# The Largest Nuclear Power Plant In The World



## FastTrax (Oct 22, 2020)

www.tepco.co.jp/en/hd/index-e.html

www.nytimes.com/2007/07/25/world/asia/25japan.html

https://en.wikipedia.org/wiki/Kashiwazaki-Kariwa_Nuclear_Power_Plant

https://en.wikipedia.org/wiki/Tokyo_Electric_Power_Company


----------



## Aunt Marg (Oct 23, 2020)

The picture of the green paneled control centre/room looks like something straight out of outer-space.

Jeepers, my husband get's cross whenever he has to absorb the cost of a handful of rebar lengths, I can't imagine the millions upon millions of dollars worth of steel that goes into the making of such a facility.

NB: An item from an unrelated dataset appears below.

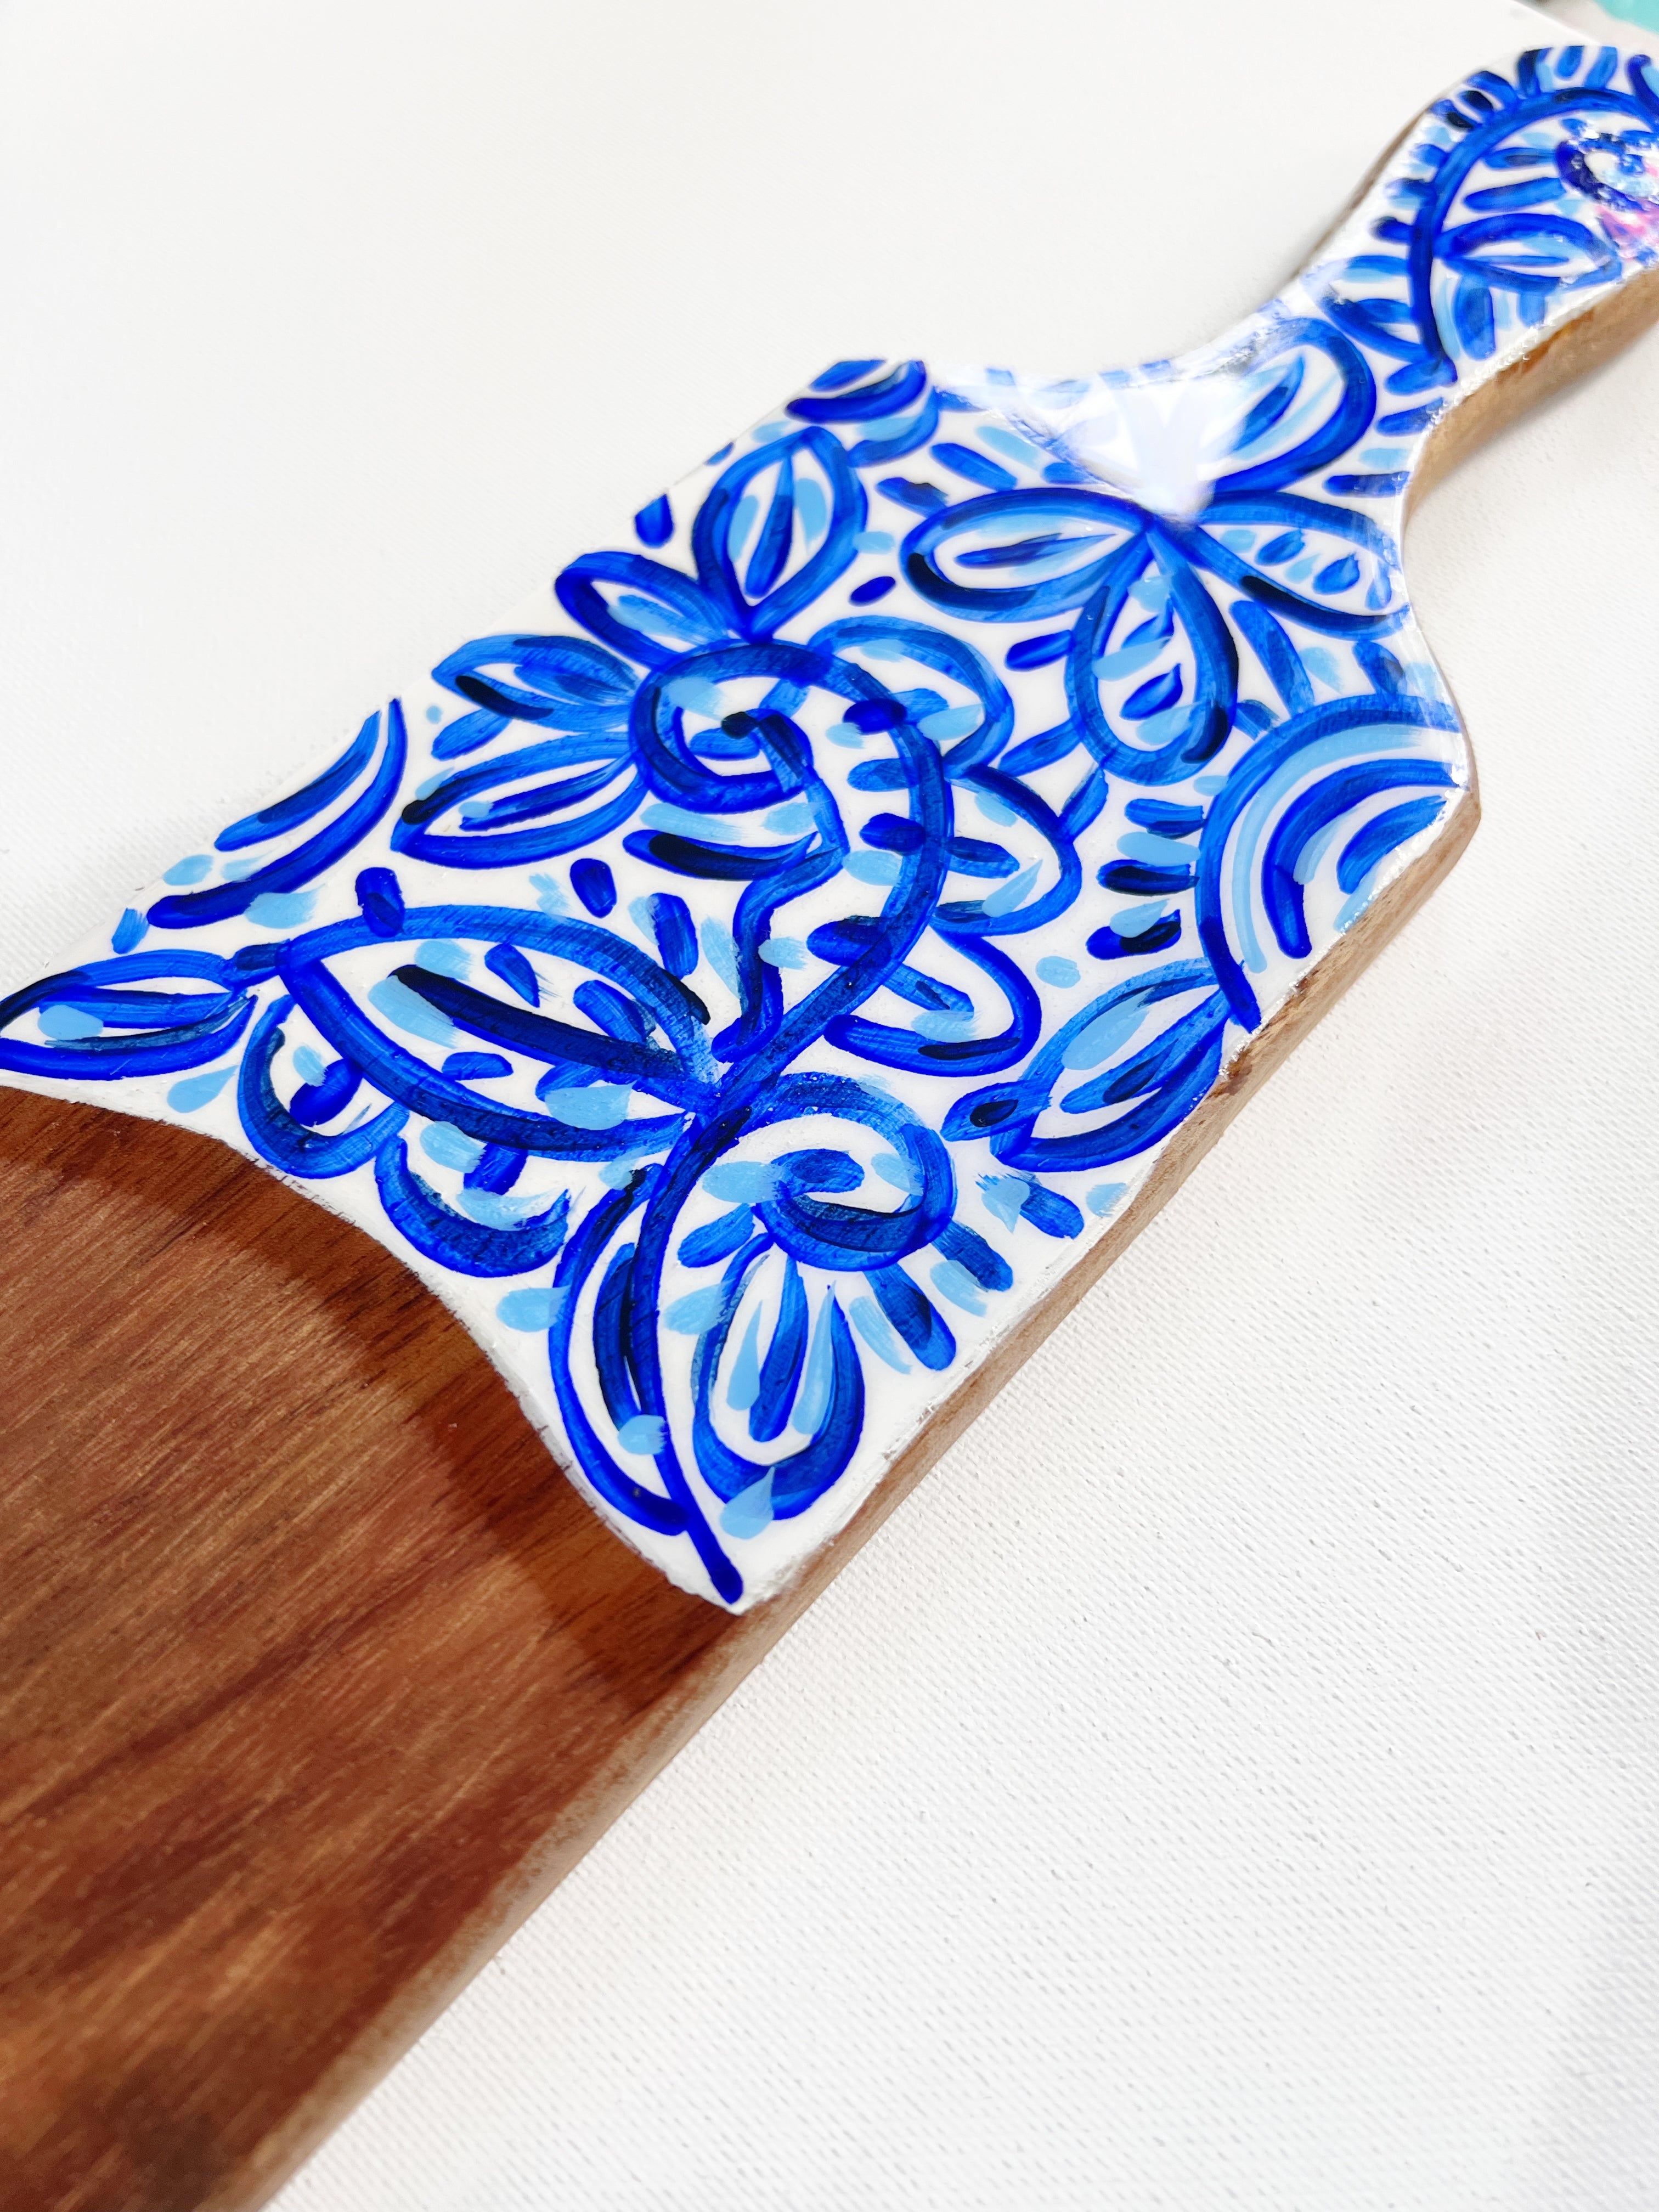 Baguette Cutting Board - Blue White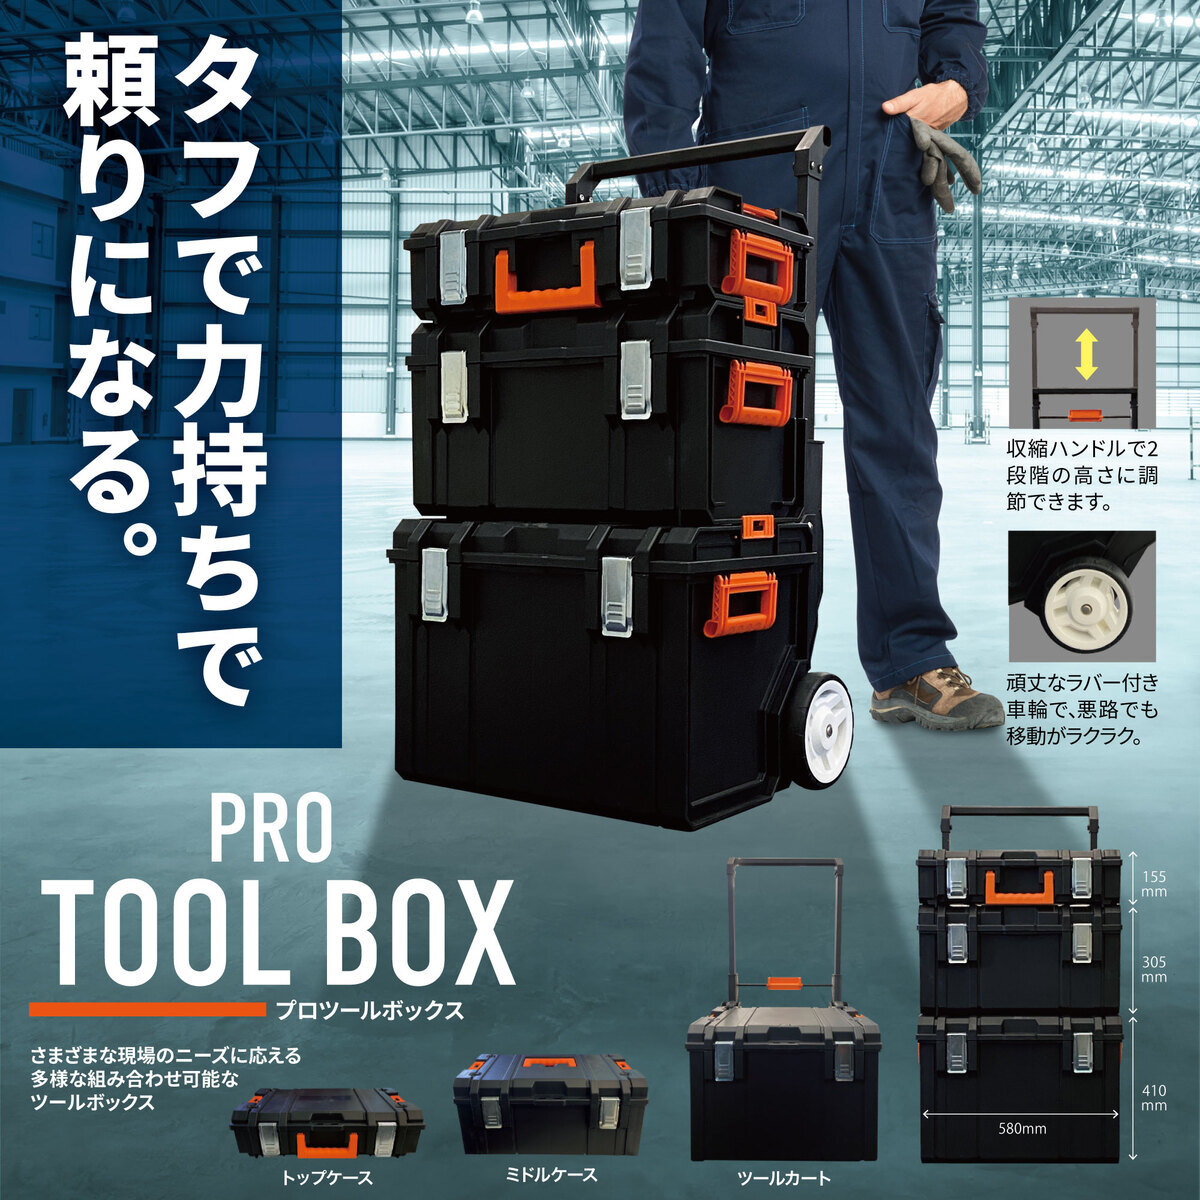 キーネット プロツールボックス 3セット キャスター付き G-209012A Costco Japan

Very interesting stuff, Fast.


----------



## FastTrax (Oct 23, 2020)

Aunt Marg said:


> The picture of the green paneled control centre/room looks like something straight out of outer-space.
> 
> Jeepers, my husband get's cross whenever he has to absorb the cost of a handful of rebar lengths, I can't imagine the millions upon millions of dollars worth of steel that goes into the making of such a facility.
> 
> Very interesting stuff, Fast.



I think many of the new tech control facilities are the cats meow or is it the cats whiskers? AMTRAK CTEC and AMTRAK/LIRR/NJT PSCC are just too cool but the grunts who actually work the consoles are all stressed out. The district managers are too busy writing them up for not keeping the stations slots filled GOD forbid something happens to the trainsets.


----------